[Exercise objective]: Return all the lines below exactly as written. Drop every picture.

[The data]:
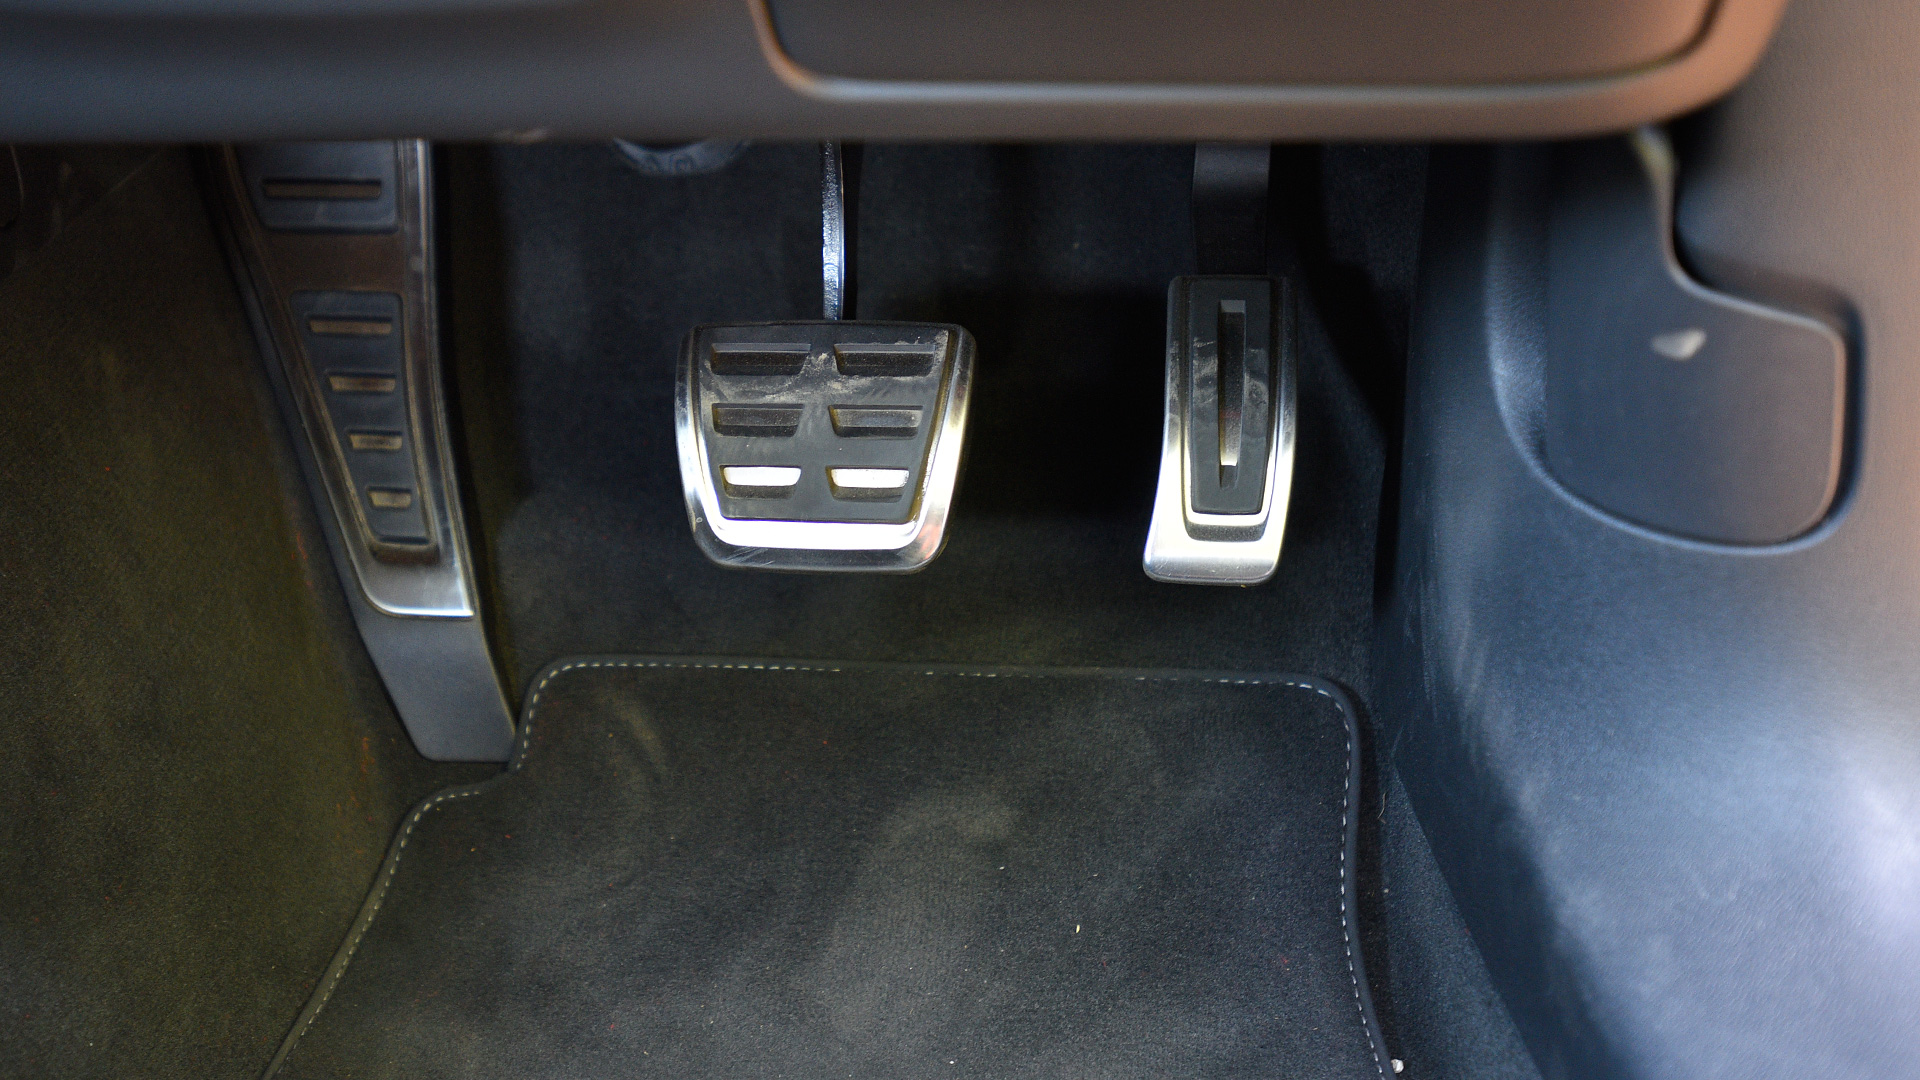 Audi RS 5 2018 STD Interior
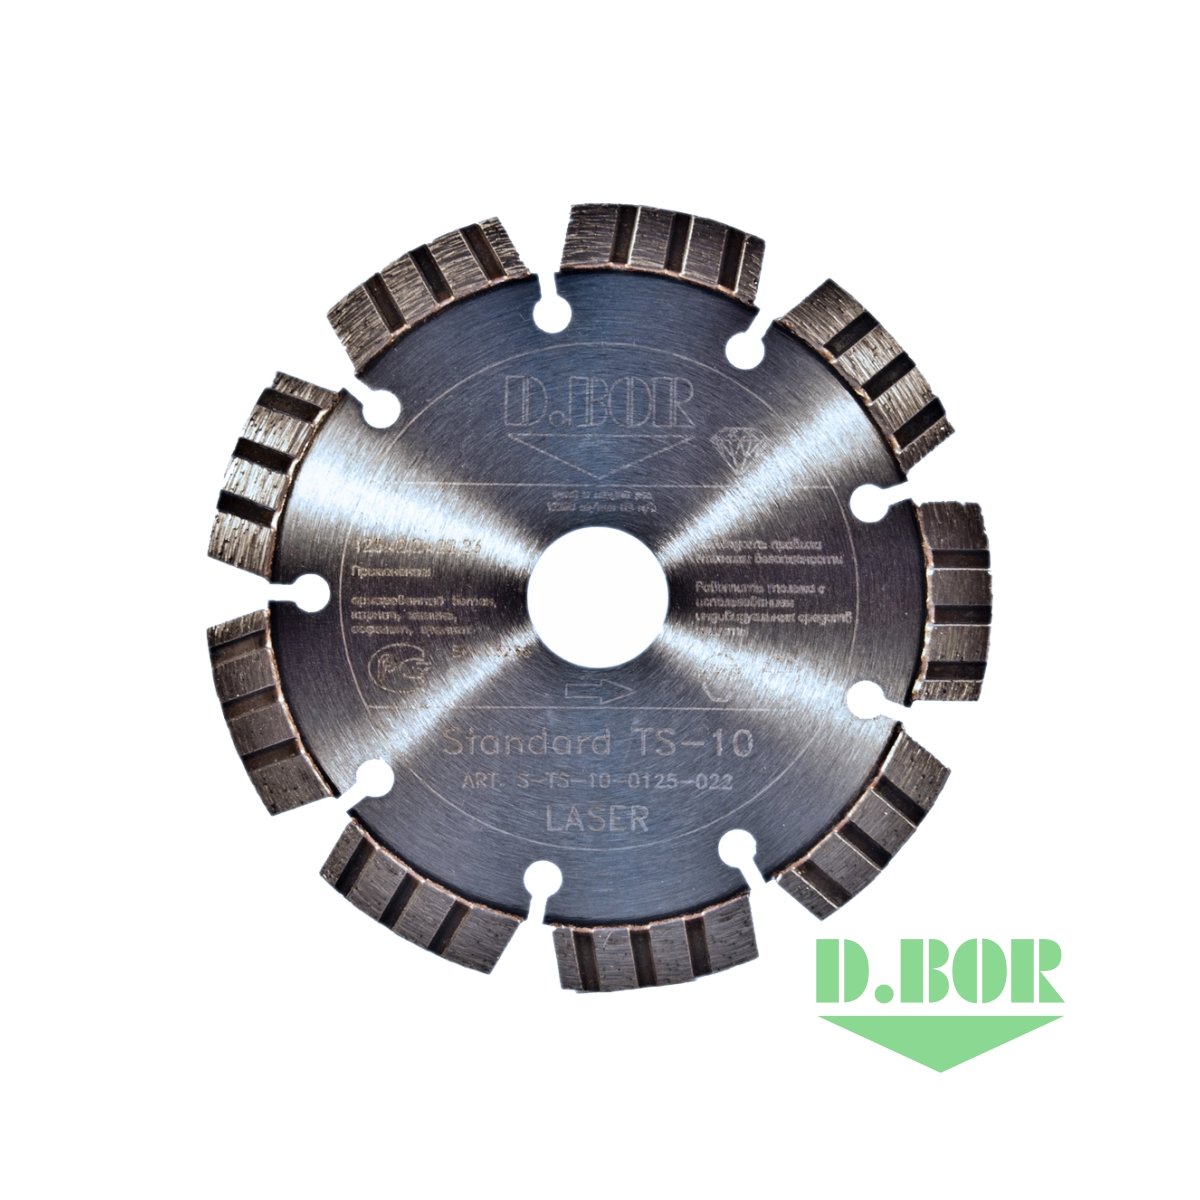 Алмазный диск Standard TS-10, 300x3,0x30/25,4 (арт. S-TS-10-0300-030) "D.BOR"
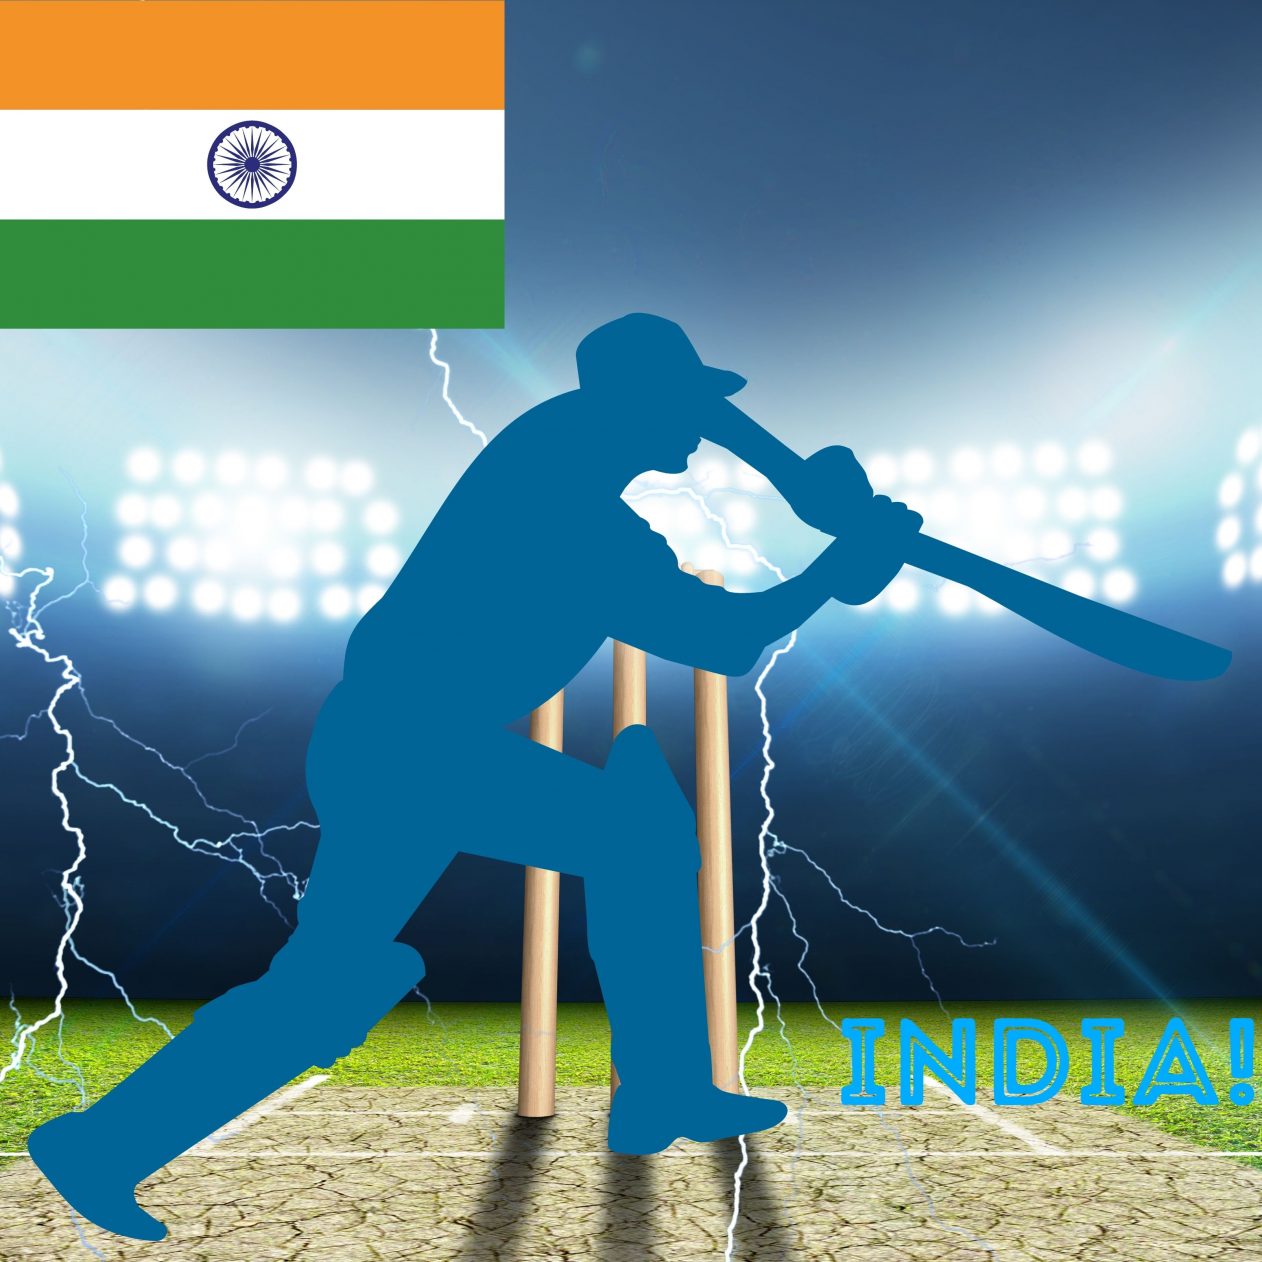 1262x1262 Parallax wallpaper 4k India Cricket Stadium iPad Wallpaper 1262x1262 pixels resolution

[Answer space]:
 Audi RS 5 2018 STD Interior
 Алмазный диск Standard TS-10, 300x3,0x30/25,4 (арт. S-TS-10-0300-030) "D.BOR"
 1262x1262 Parallax wallpaper 4k India Cricket Stadium iPad Wallpaper 1262x1262 pixels resolution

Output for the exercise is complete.